Iris v3.1.0 — Conversational Hardware Control & Telemedicine Reliability Latest

Latest

This release introduces conversational IoT environment control for the first
time in Iris, alongside reliability fixes across audio, the doctor-to-patient
speech pipeline, and AI response quality.

✨ What's New

🌡️ Conversational Environment Control (First Release)
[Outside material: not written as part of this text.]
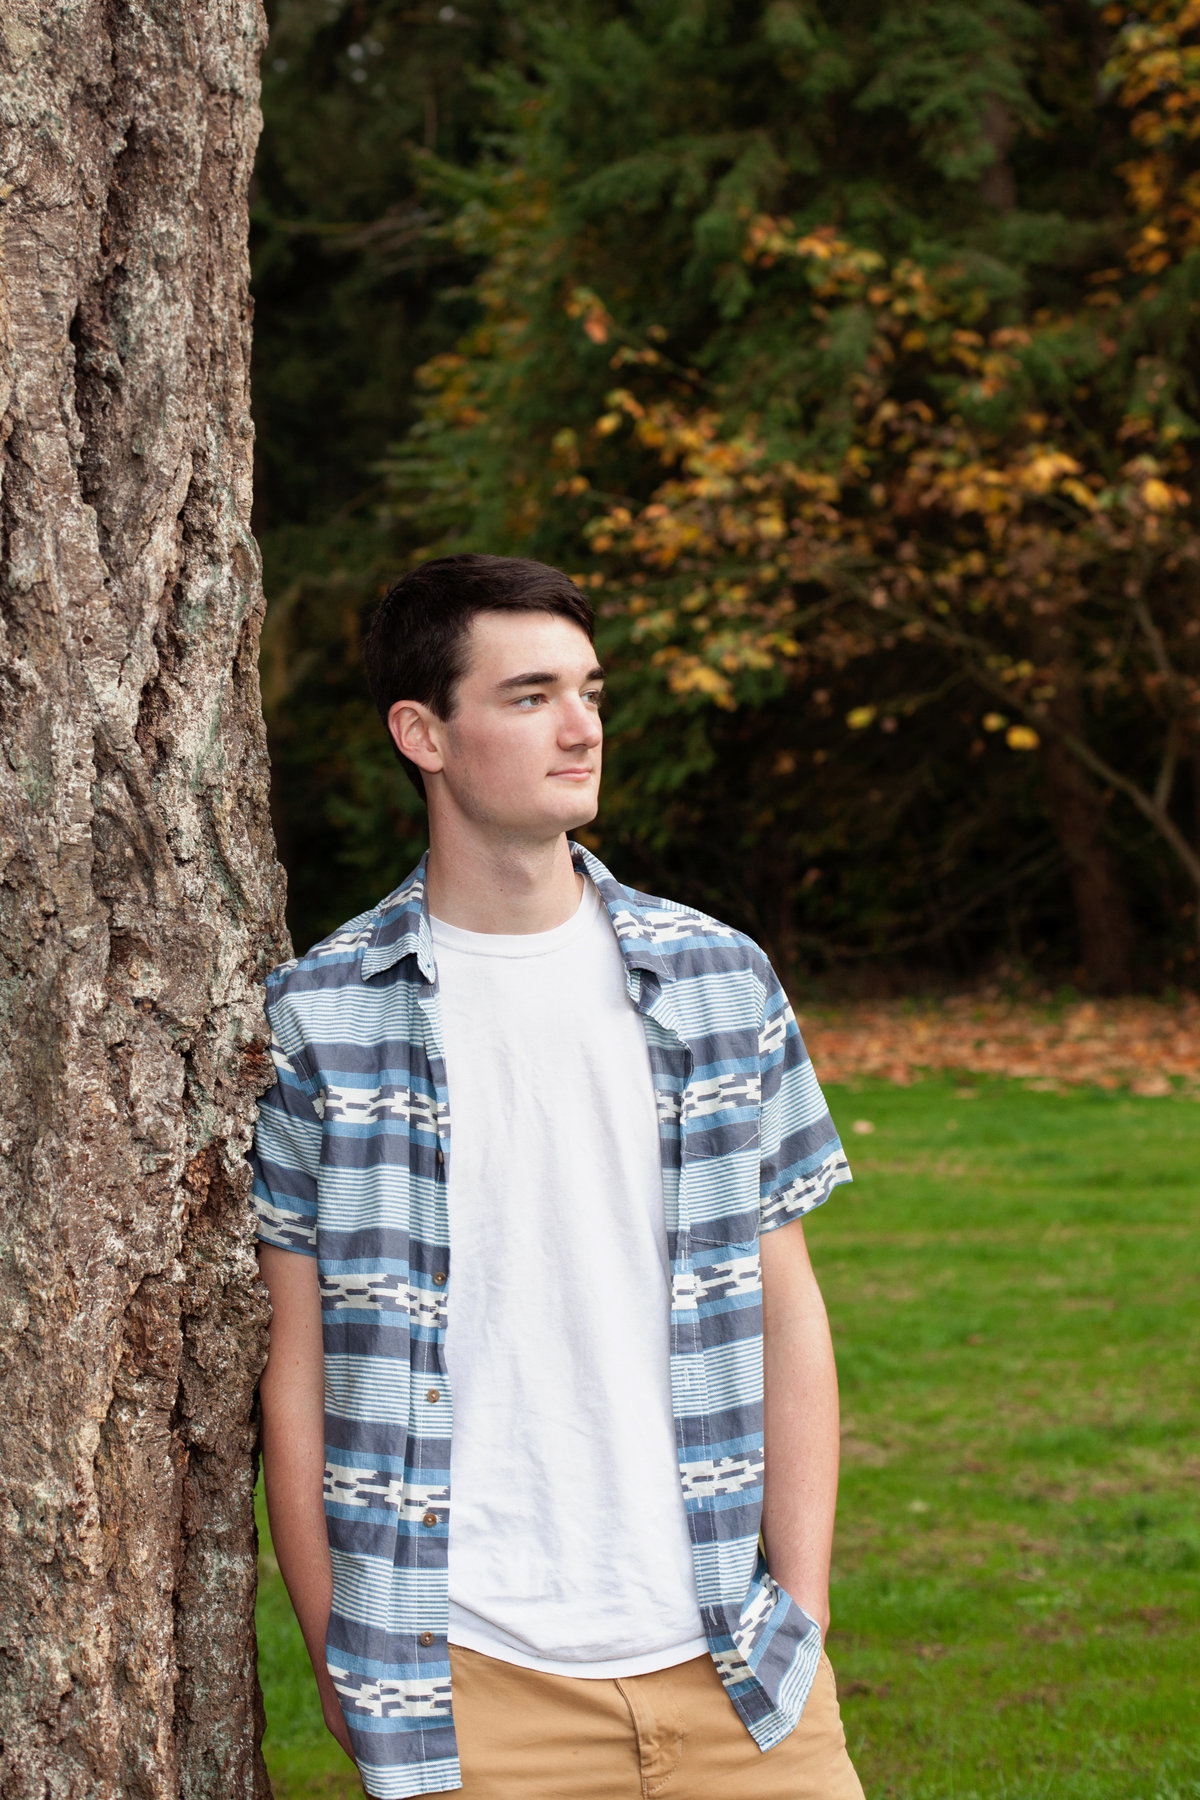 Sammamish high school senior photo session  outside early fall

Iris can now control the patient's physical environment — fan and lights — both
manually and through natural conversation with the doctor.

Manual control: A dedicated Environment panel lets the patient toggle the
fan and lights directly with a single tap.
Conversational control: When the doctor asks "Are you feeling hot?" and
the patient selects "Yes", Iris automatically publishes an MQTT command to
the patient's Wio Terminal, turning the fan on. No extra steps required.
Supported actions via conversation:
- Doctor says "hot" or "warm" → Fan ON
- Doctor says "cold" or "chilly" → Fan OFF
- Doctor says "dark" or "dim" → Light ON
- Doctor says "bright" → Light OFF
Hardware: Seeed Wio Terminal running a custom MQTT firmware, subscribing
to commands from the Iris server over a local Mosquitto broker.
Architecture: Hardware control is fully deterministic — JavaScript keyword
matching handles all trigger decisions. The local LLM is never involved in
a time-critical hardware action.

🤝 Doctor-to-Patient Live Speech Pipeline

The doctor's speech now reaches the patient portal in real time via the LiveKit
data channel, triggering contextual AAC response predictions automatically.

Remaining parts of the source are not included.